▸ Materials provided
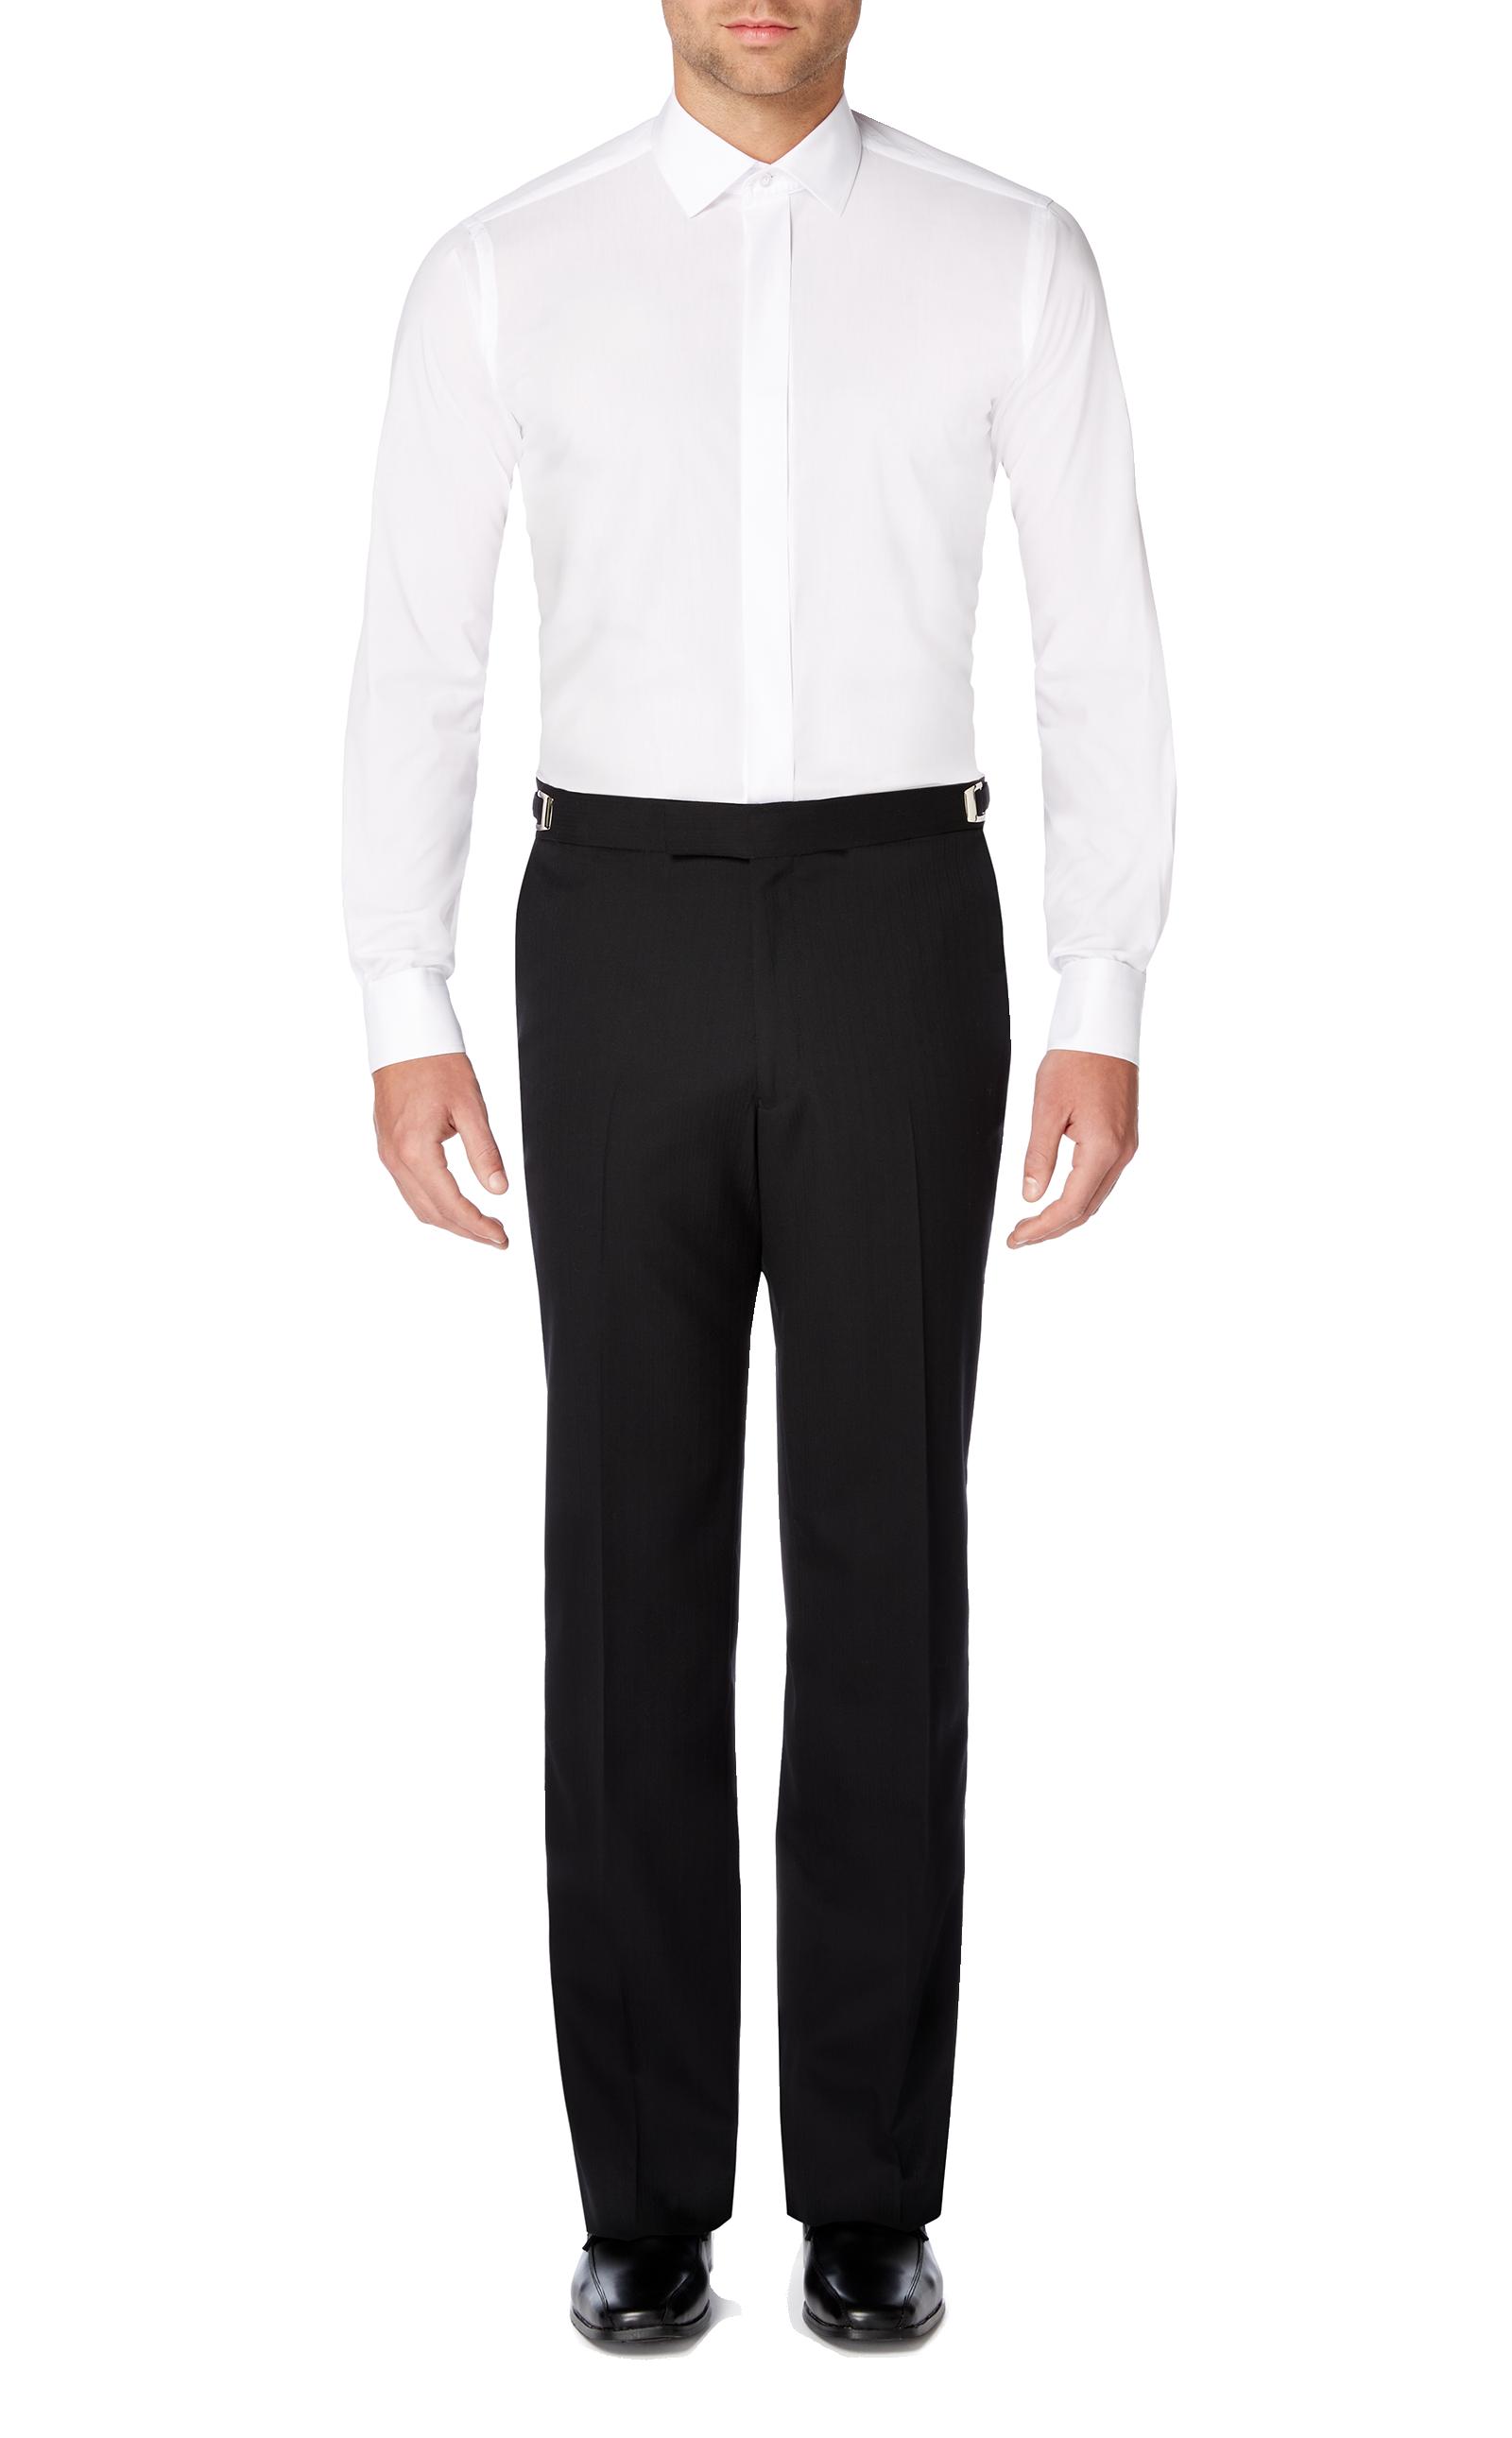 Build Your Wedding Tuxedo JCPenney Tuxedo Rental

--

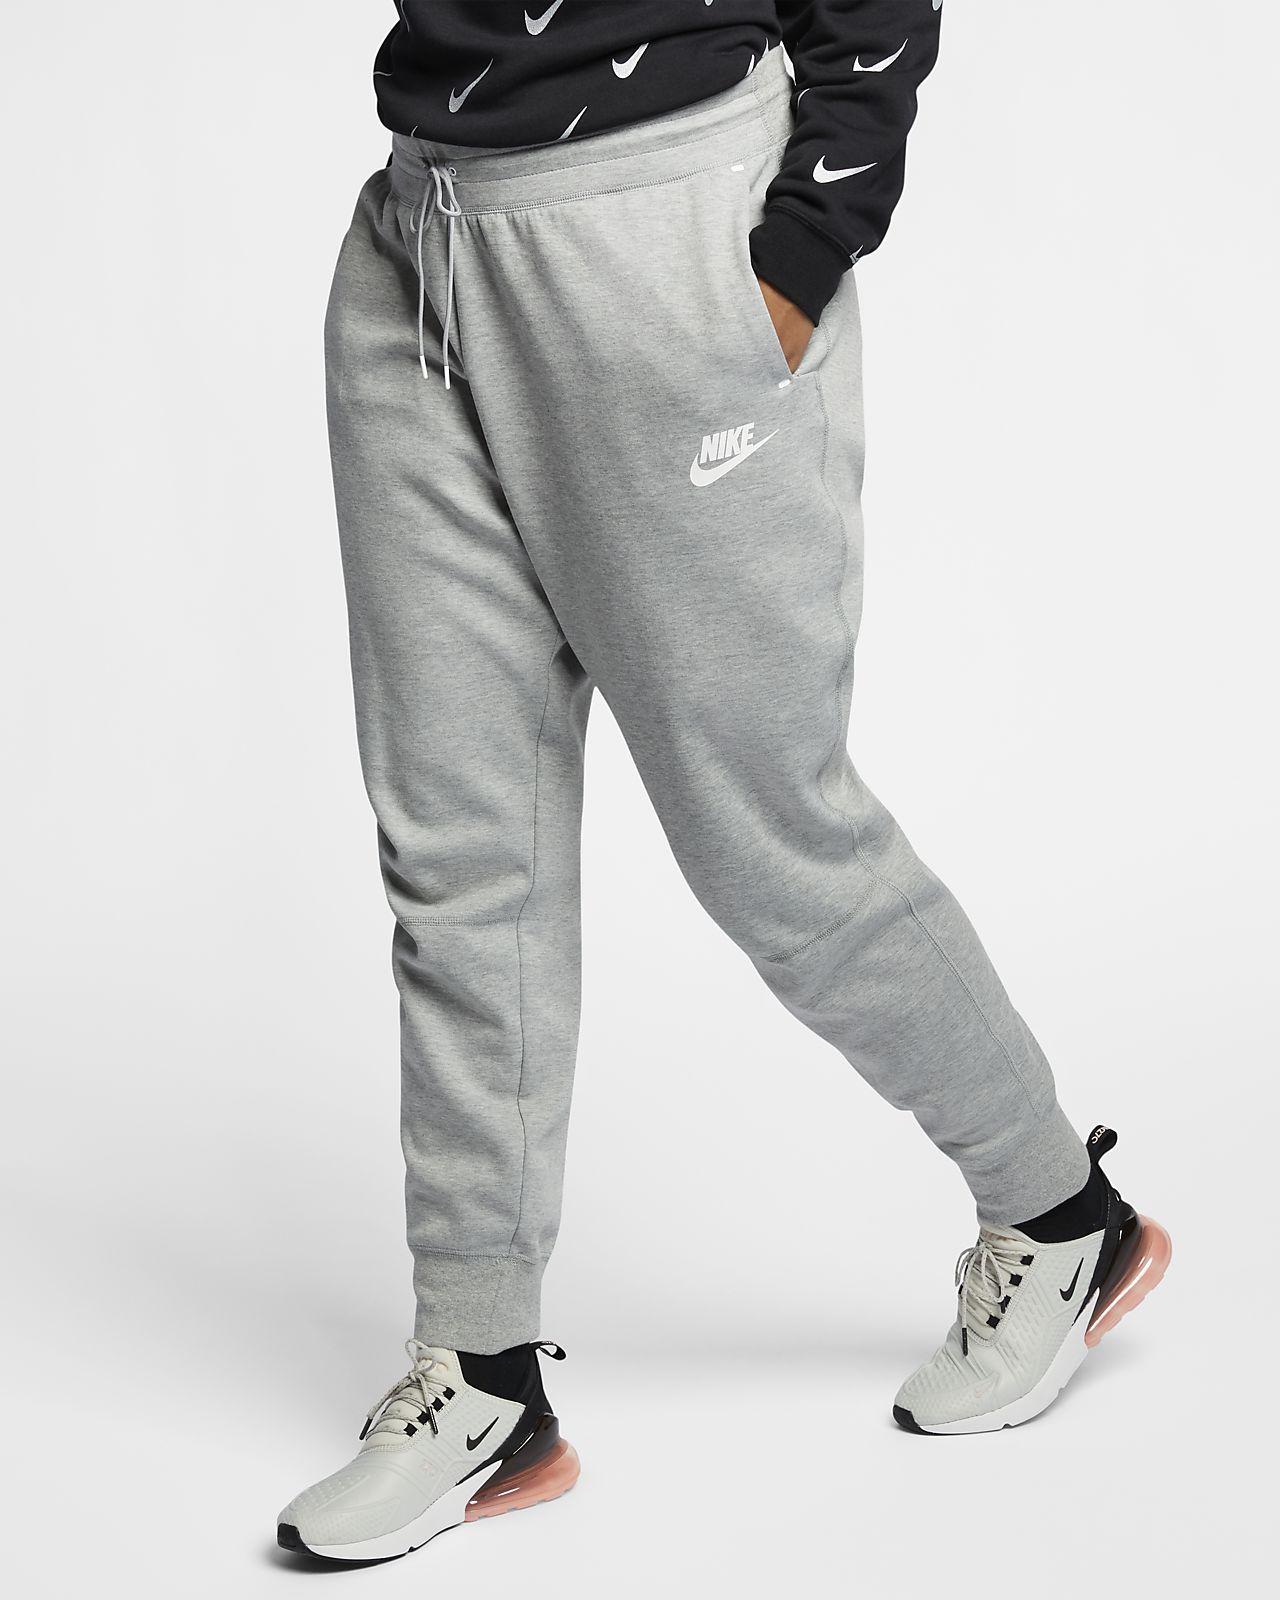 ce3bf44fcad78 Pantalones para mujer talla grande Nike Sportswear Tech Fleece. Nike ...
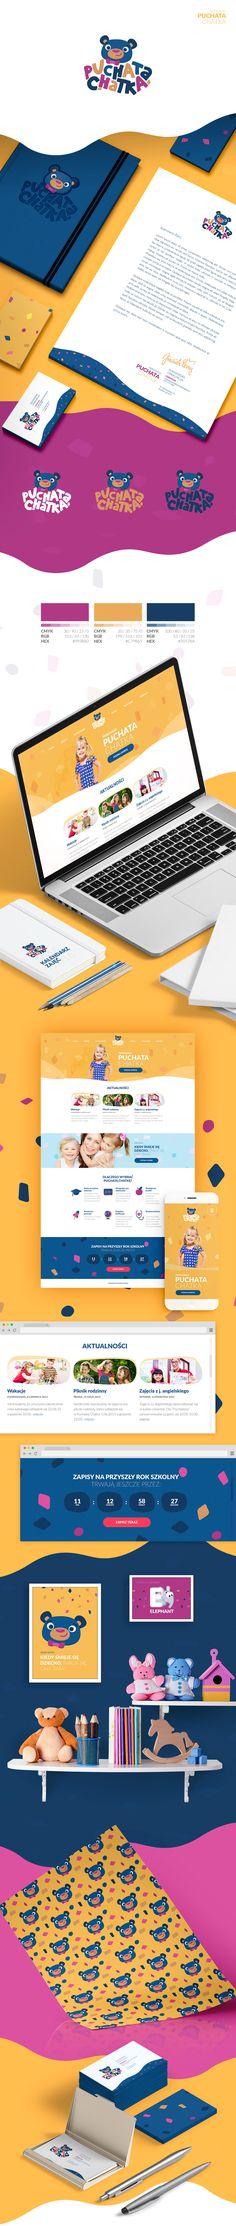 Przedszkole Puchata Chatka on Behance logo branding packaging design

▸ Task requirements
Would you please reproduce the entries above, starting at the line with "ce3bf44fcad78 Pantalones para" and stopping after the line with "Przedszkole Puchata Chatka"? Omit any pictures.

▸ Task answer
 ce3bf44fcad78 Pantalones para mujer talla grande Nike Sportswear Tech Fleece. Nike ...
 Przedszkole Puchata Chatka on Behance logo branding packaging design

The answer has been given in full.